— Так вот кто ты, гад! — вскочил со стула Яковлев. И тут же услышал за ширмой шорох.
— Сядь! Сядь, приказываю! — дядя Коля стоял по ту сторону стола с занесенным над головой пломбиром. — Еще движение и...
Федор инстинктивно присел и вдруг резко опрокинул стол. Это произошло так внезапно, что дядя Коля наткнулся на свой стул и едва не упал. Секунды оказалось достаточно, чтобы солдат круто рванулся к выходу. Но на его пути уже стоял узколицый, сухонький человек с топором. Он, видимо, вынырнул из-за ширмы.
Лицо человека показалось Яковлеву знакомым. Он где-то видел этого типа. Но сейчас было не до воспоминаний.
— Стой! Одумайся! Мать не обрадуется, если тебя посадят, — гремел сзади голос. А спереди на Федора надвигался занесенный топор.

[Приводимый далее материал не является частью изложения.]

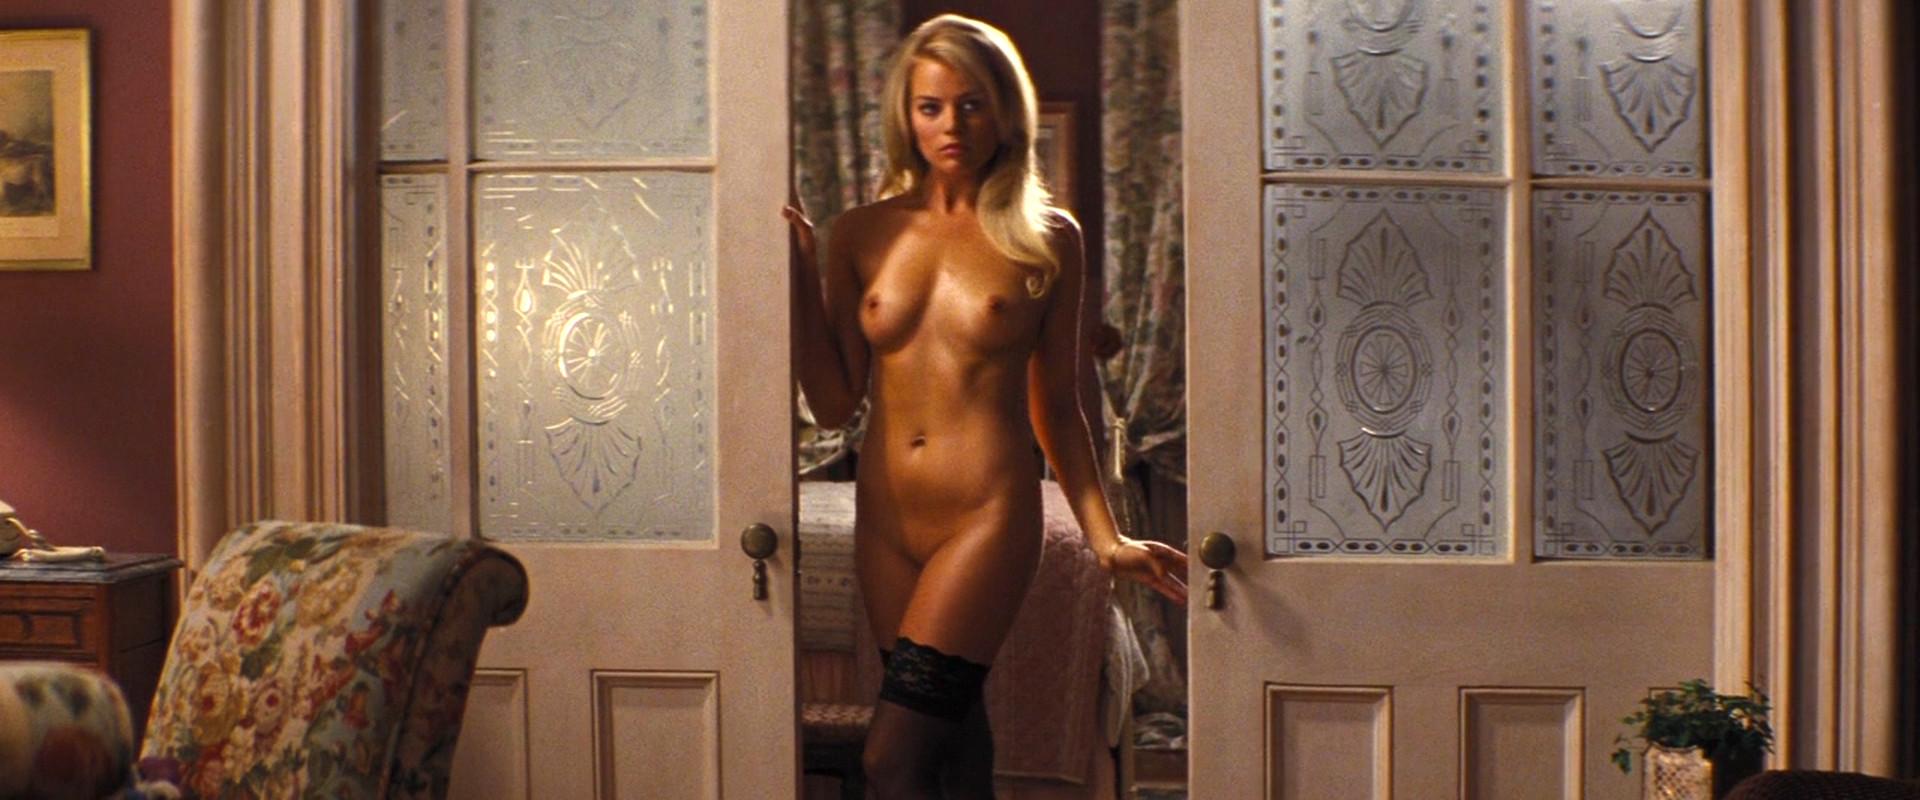 Margot Robbie Naked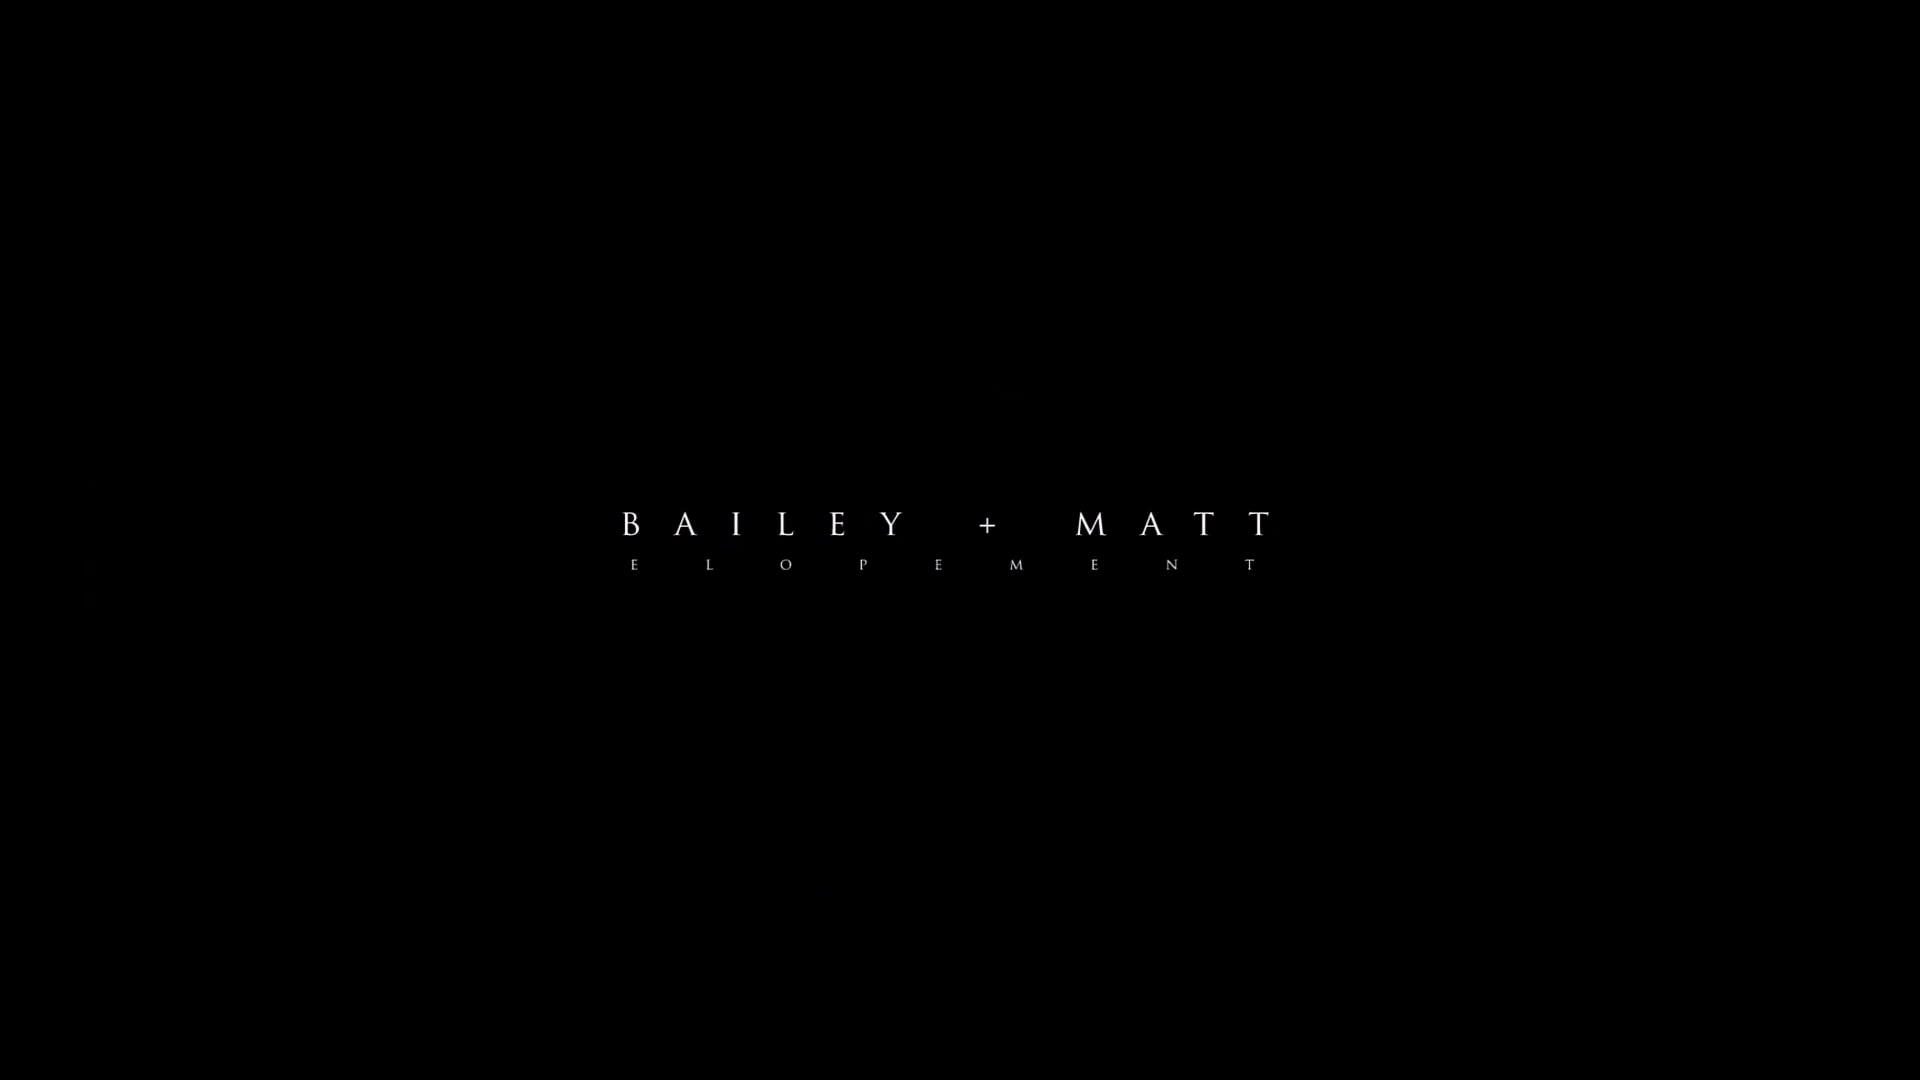 'Elopement' Trailer

Яковлев на миг остановился. Сделал шаг назад, будто отступает, и тут же резко метнулся на узколицего, ударив того ногой в живот. Сухонький конвульсивно присел, топор брякнул на пол.
— Федя, постой! Я же пошутил! — теперь уже миролюбиво призывал дядя Коля. Но было поздно. Яковлев с ходу рванул запертую дверь и крючок вылетел с мясом.
Морщась и потирая ушибленное столом колено, дядя Коля торопливо поставил на ноги опрокинутый стол, пододвинул к нему стулья. Едкий дым плавал под потолком, на полу, в лужице пива, валялась треснутая кружка, разбитые рюмки, тарелки, недоеденная снедь. Сухонький, корчась от боли, стоял на полу на одном колене и стонал:
— Что теперь будет? Нам каюк.
— Хватит слюни распускать! — грубо обрезал дядя Коля. — Срочно свяжись с Креббом. Пусть следит за каждым шагом этого идиота. Ну и подсунул же нам надежного. Сегодня же его убрать!
В зал, запыхавшись, вбежала буфетчица.
— Что тут?..
— Перепил малость парень, — выдавил улыбку дядя Коля.
— Ах, идол паршивый! В прошлый раз его дома еле отходила, так он мне здесь посуды набил.
— Ничего, Катюша! Расплатимся. — Он вынул из кармана кошелек, извлек три новеньких сотни, протянул буфетчице. — И смотри, Екатерина, об этом ни гу-гу, — сказал уже строже дядя Коля.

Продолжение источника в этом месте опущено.